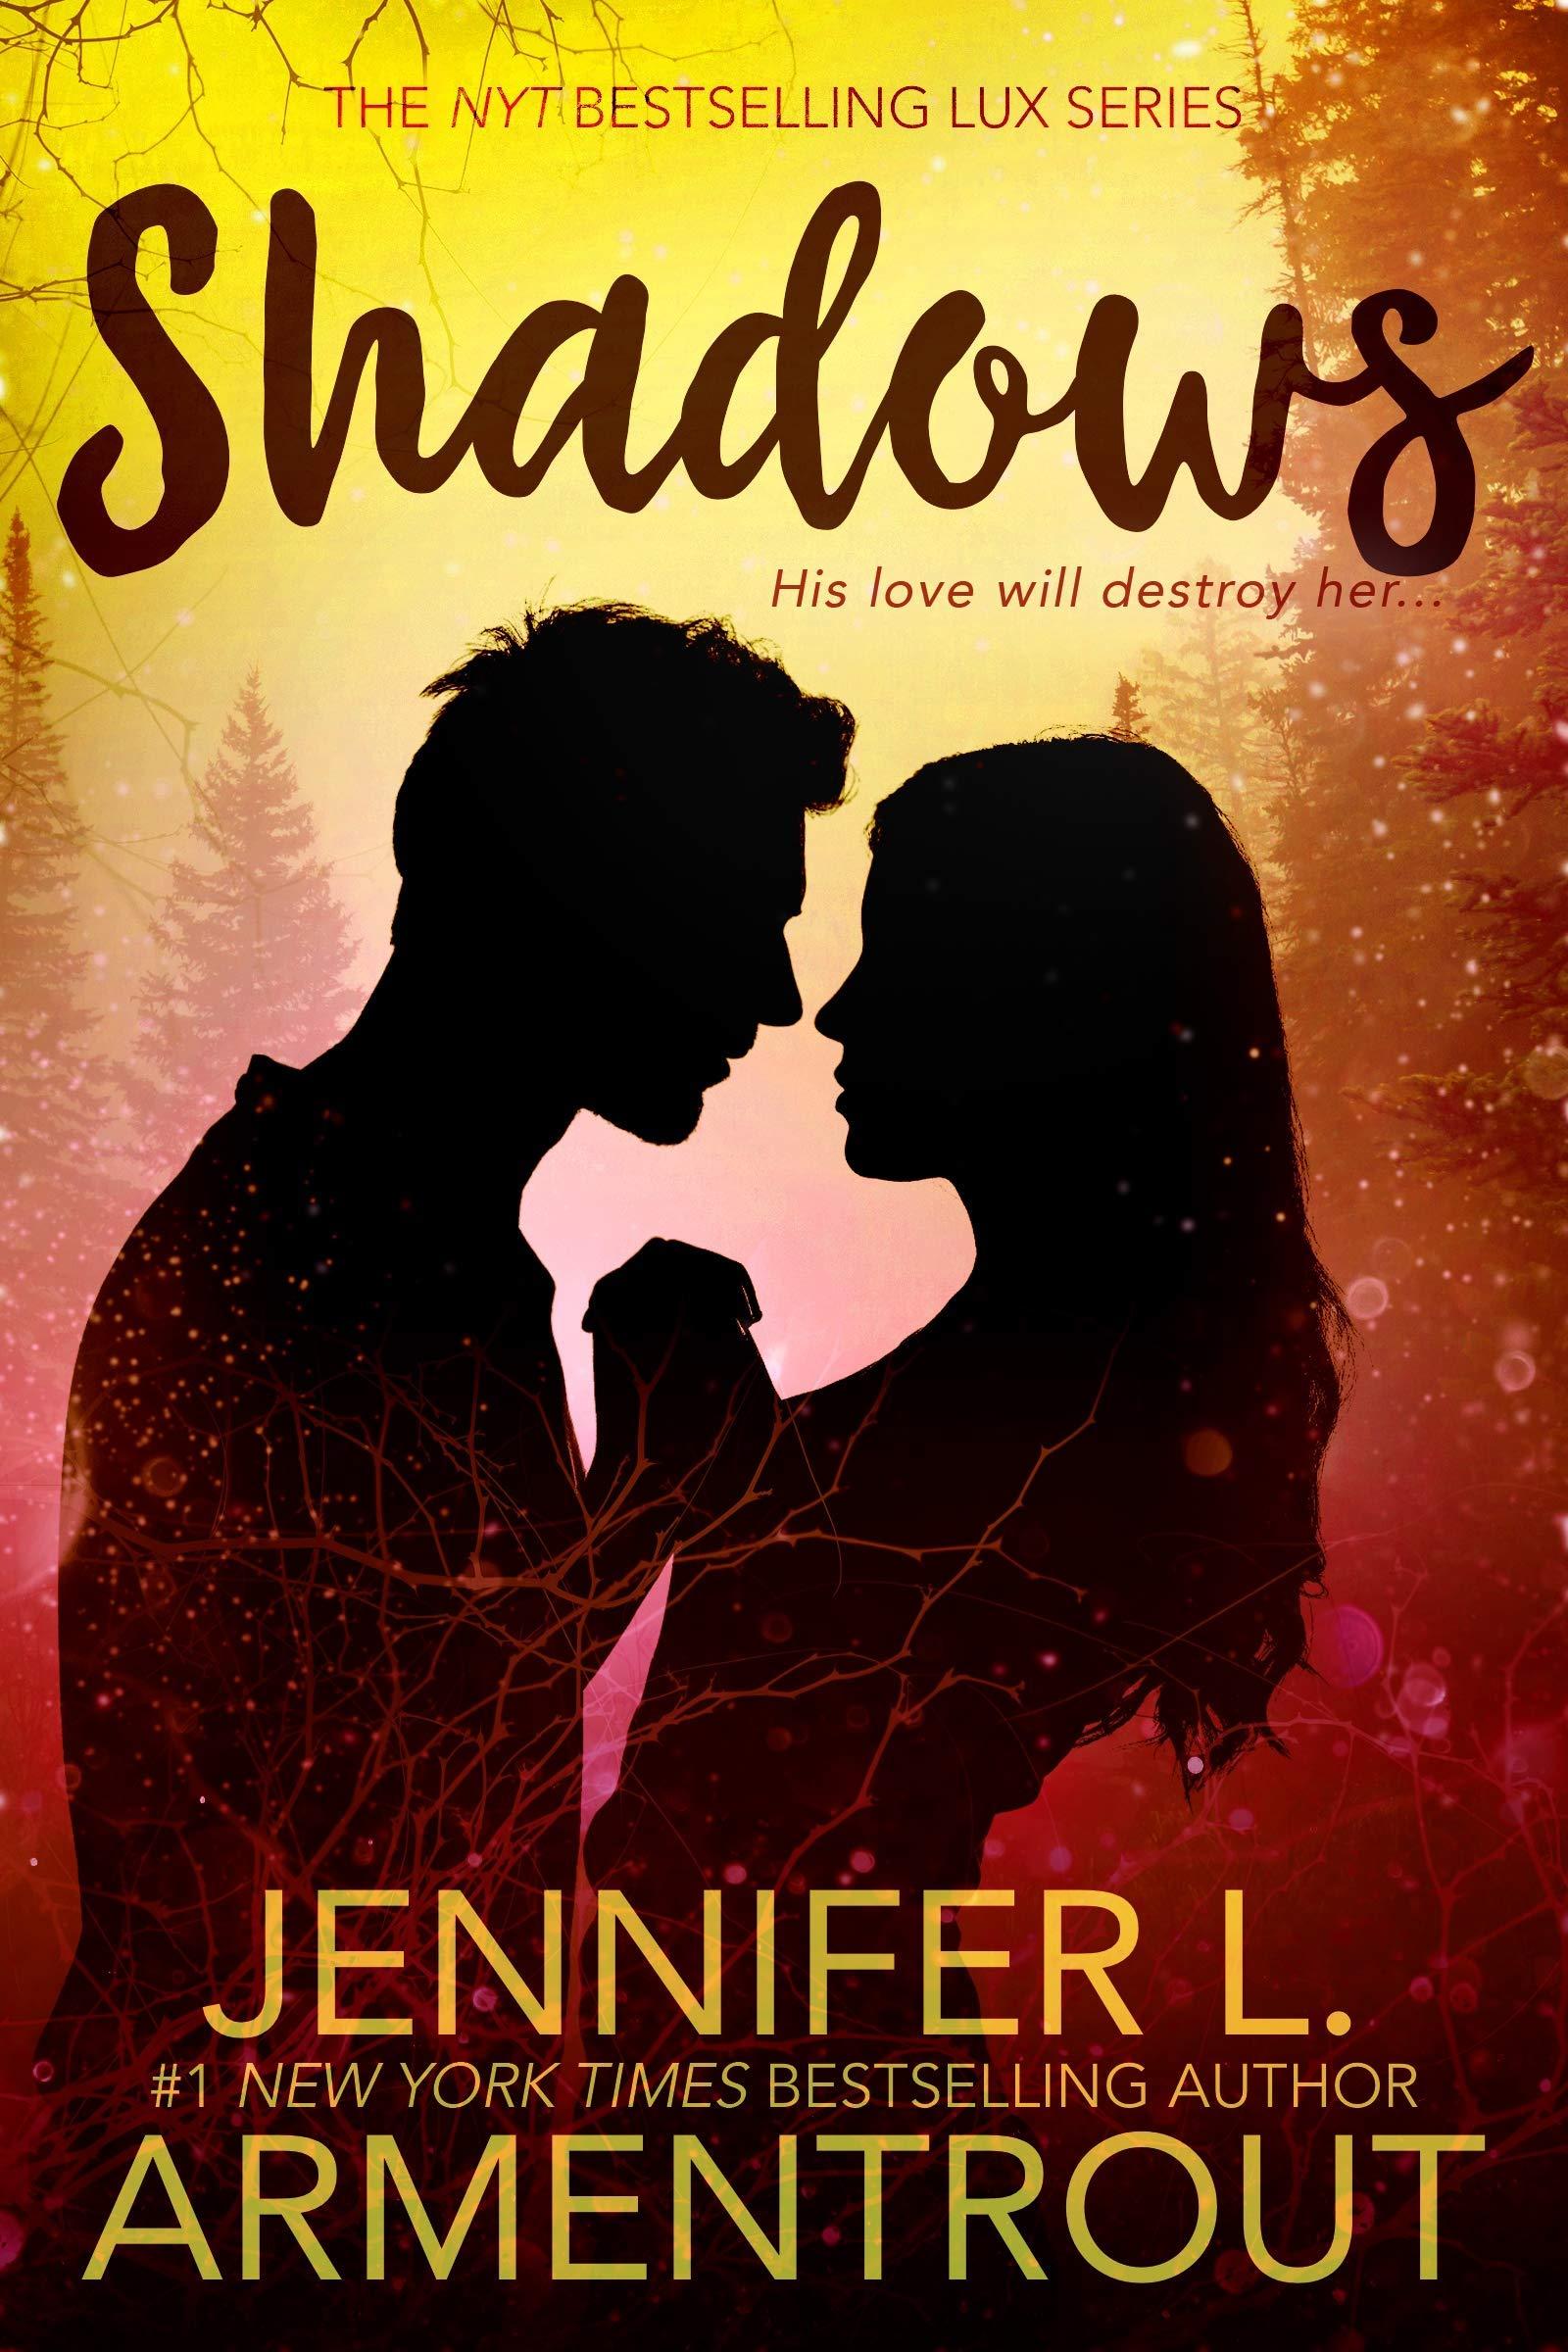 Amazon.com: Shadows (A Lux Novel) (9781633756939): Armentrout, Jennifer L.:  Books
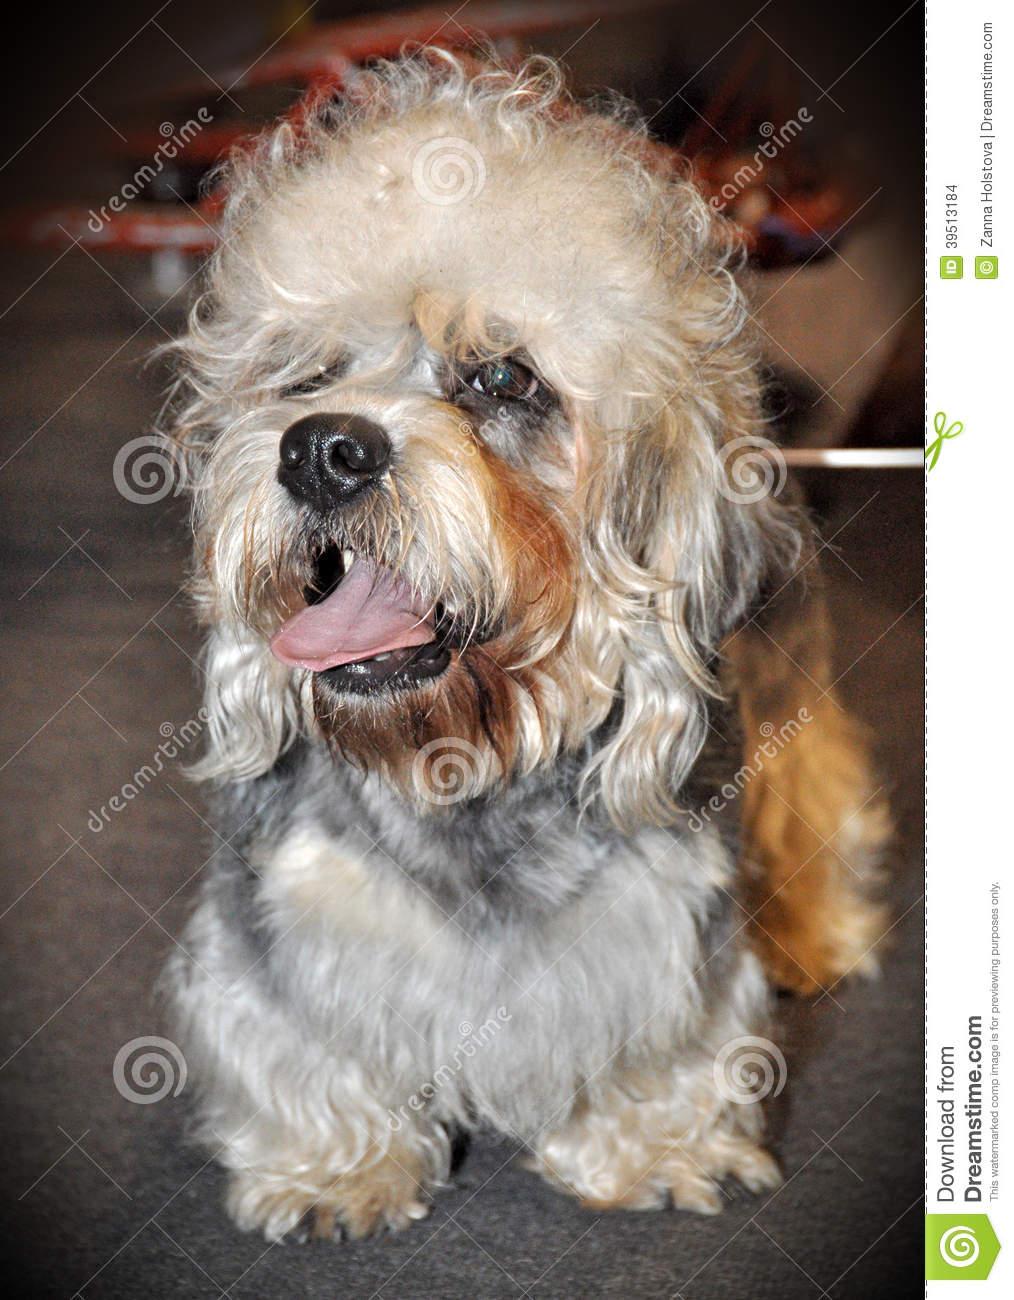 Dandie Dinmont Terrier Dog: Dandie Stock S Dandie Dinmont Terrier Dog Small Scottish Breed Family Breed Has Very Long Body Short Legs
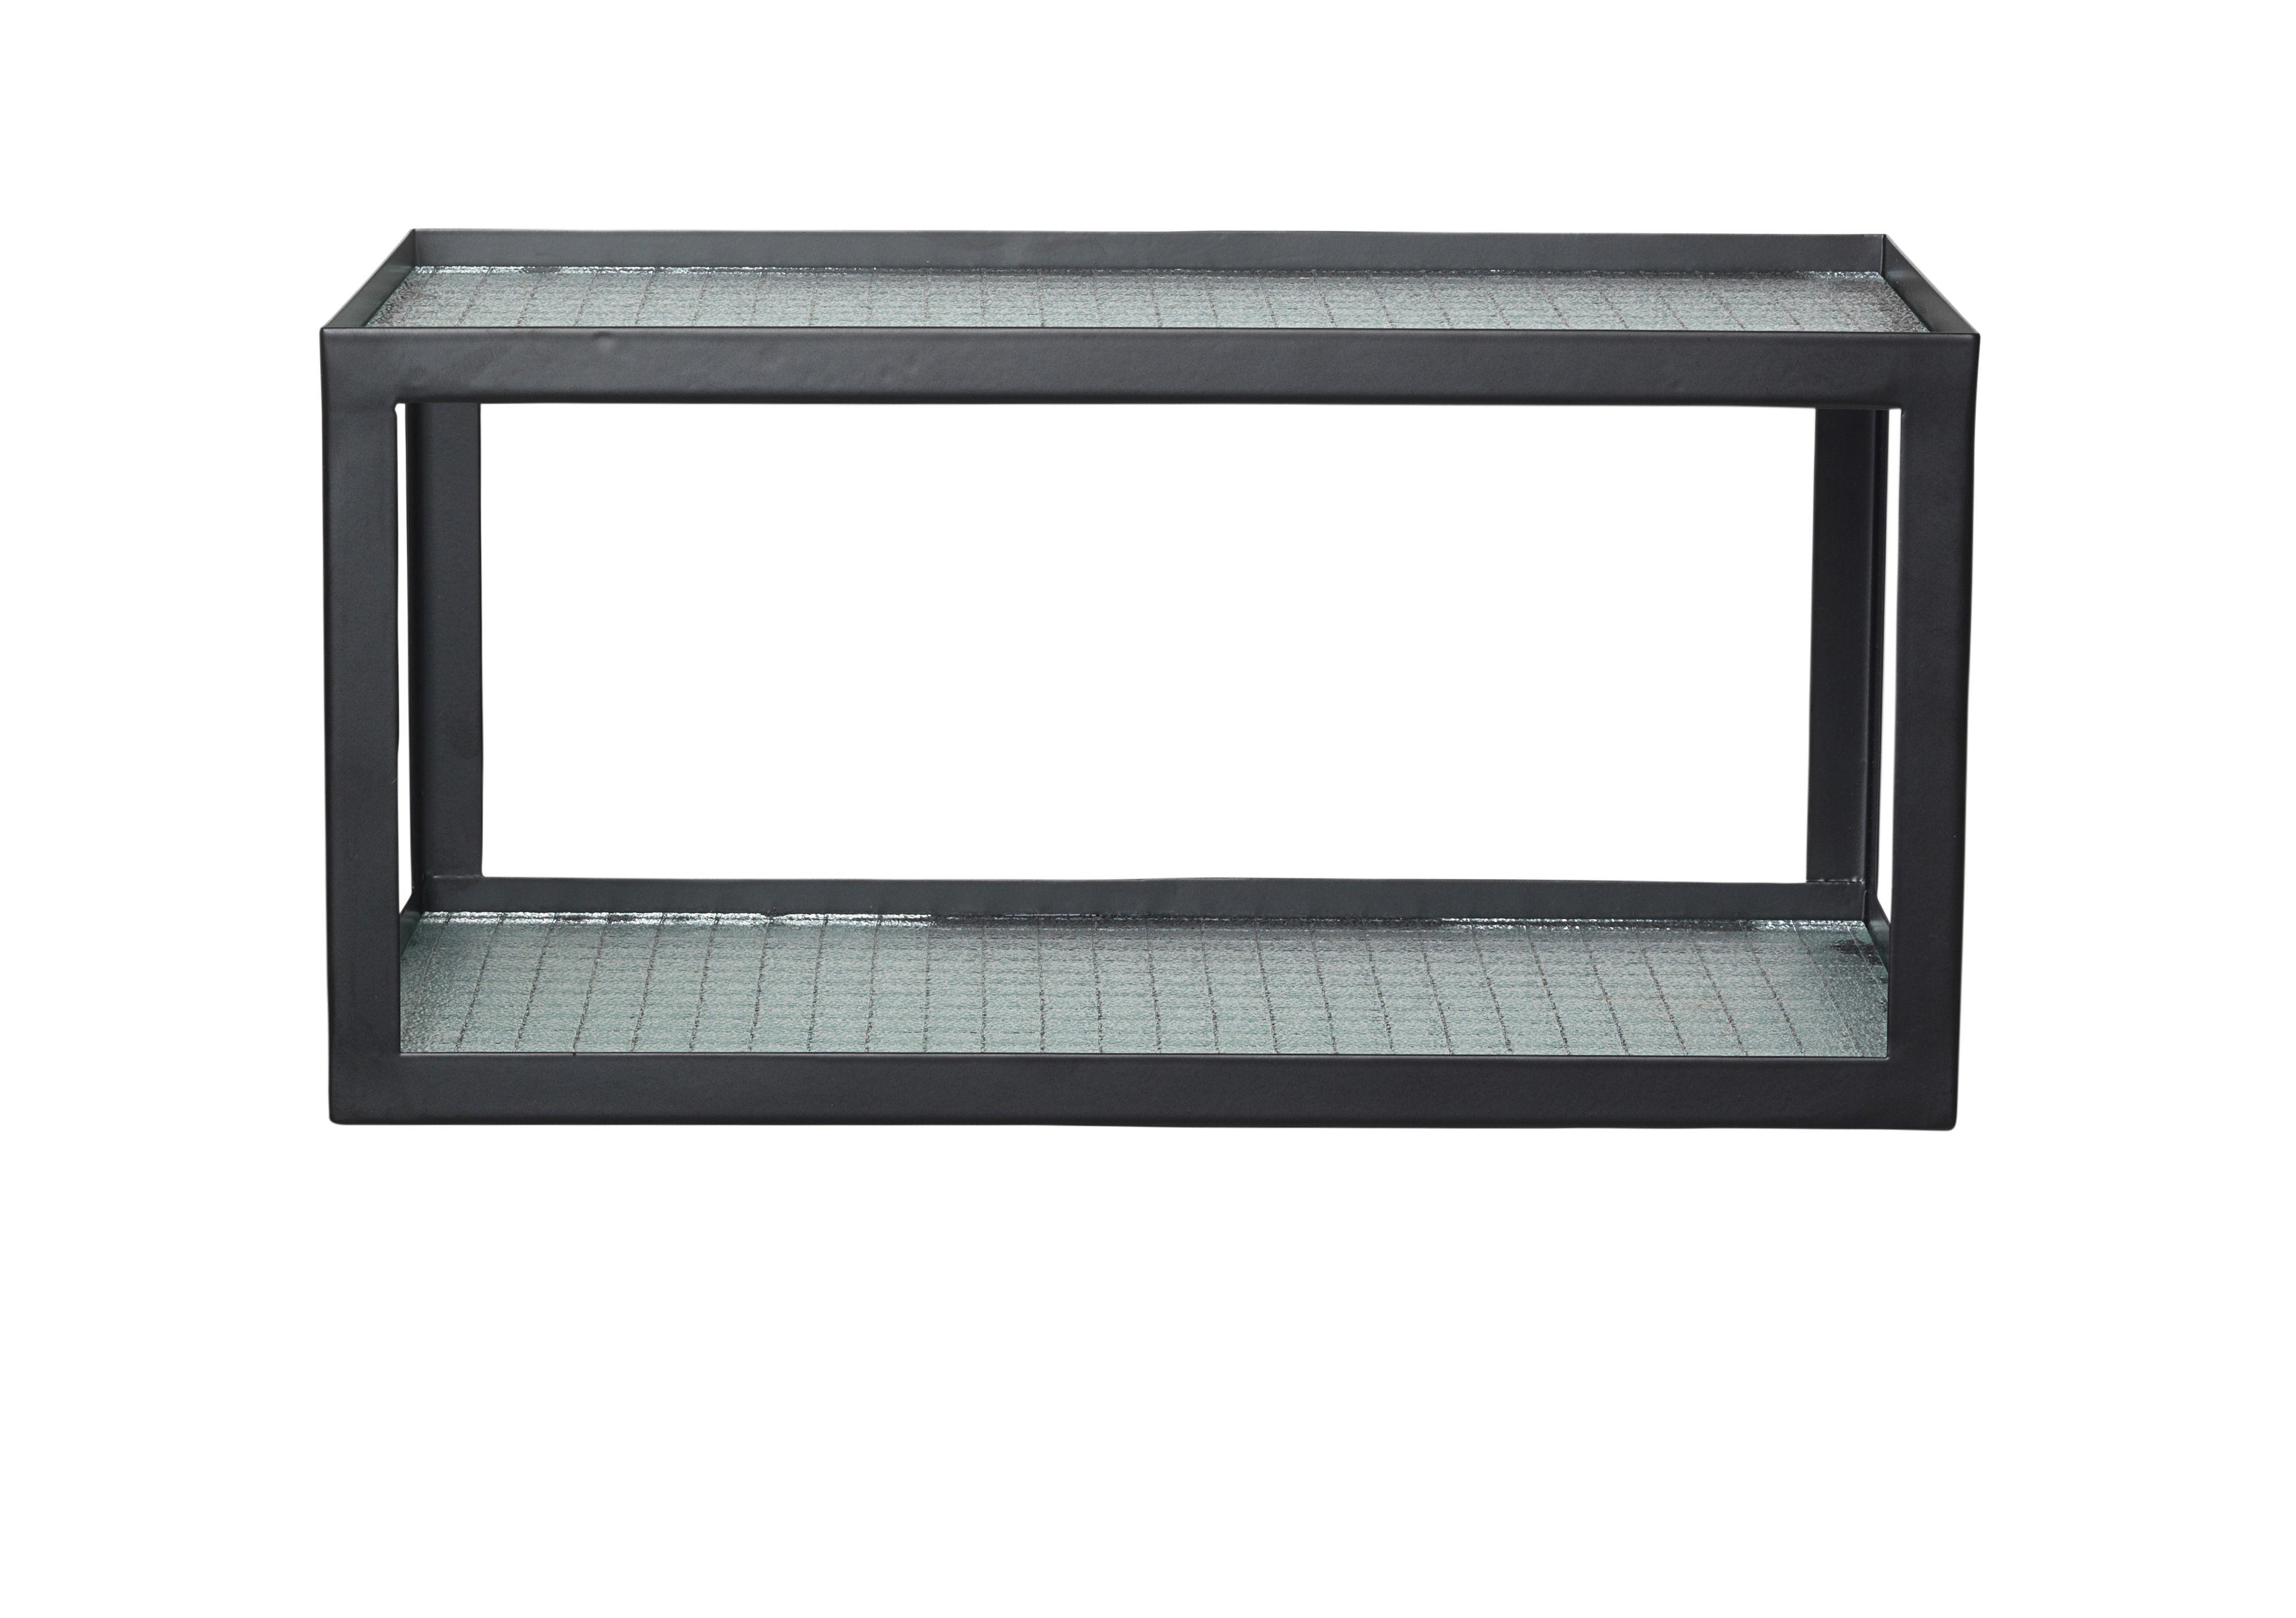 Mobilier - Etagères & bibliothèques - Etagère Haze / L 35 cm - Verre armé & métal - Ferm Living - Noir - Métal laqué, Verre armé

* [What you have to do] Write out the data precisely as given, excluding the pictures.

* [Task answer]
 Amazon.com: Shadows (A Lux Novel) (9781633756939): Armentrout, Jennifer L.:  Books
 Dandie Dinmont Terrier Dog: Dandie Stock S Dandie Dinmont Terrier Dog Small Scottish Breed Family Breed Has Very Long Body Short Legs
 Mobilier - Etagères & bibliothèques - Etagère Haze / L 35 cm - Verre armé & métal - Ferm Living - Noir - Métal laqué, Verre armé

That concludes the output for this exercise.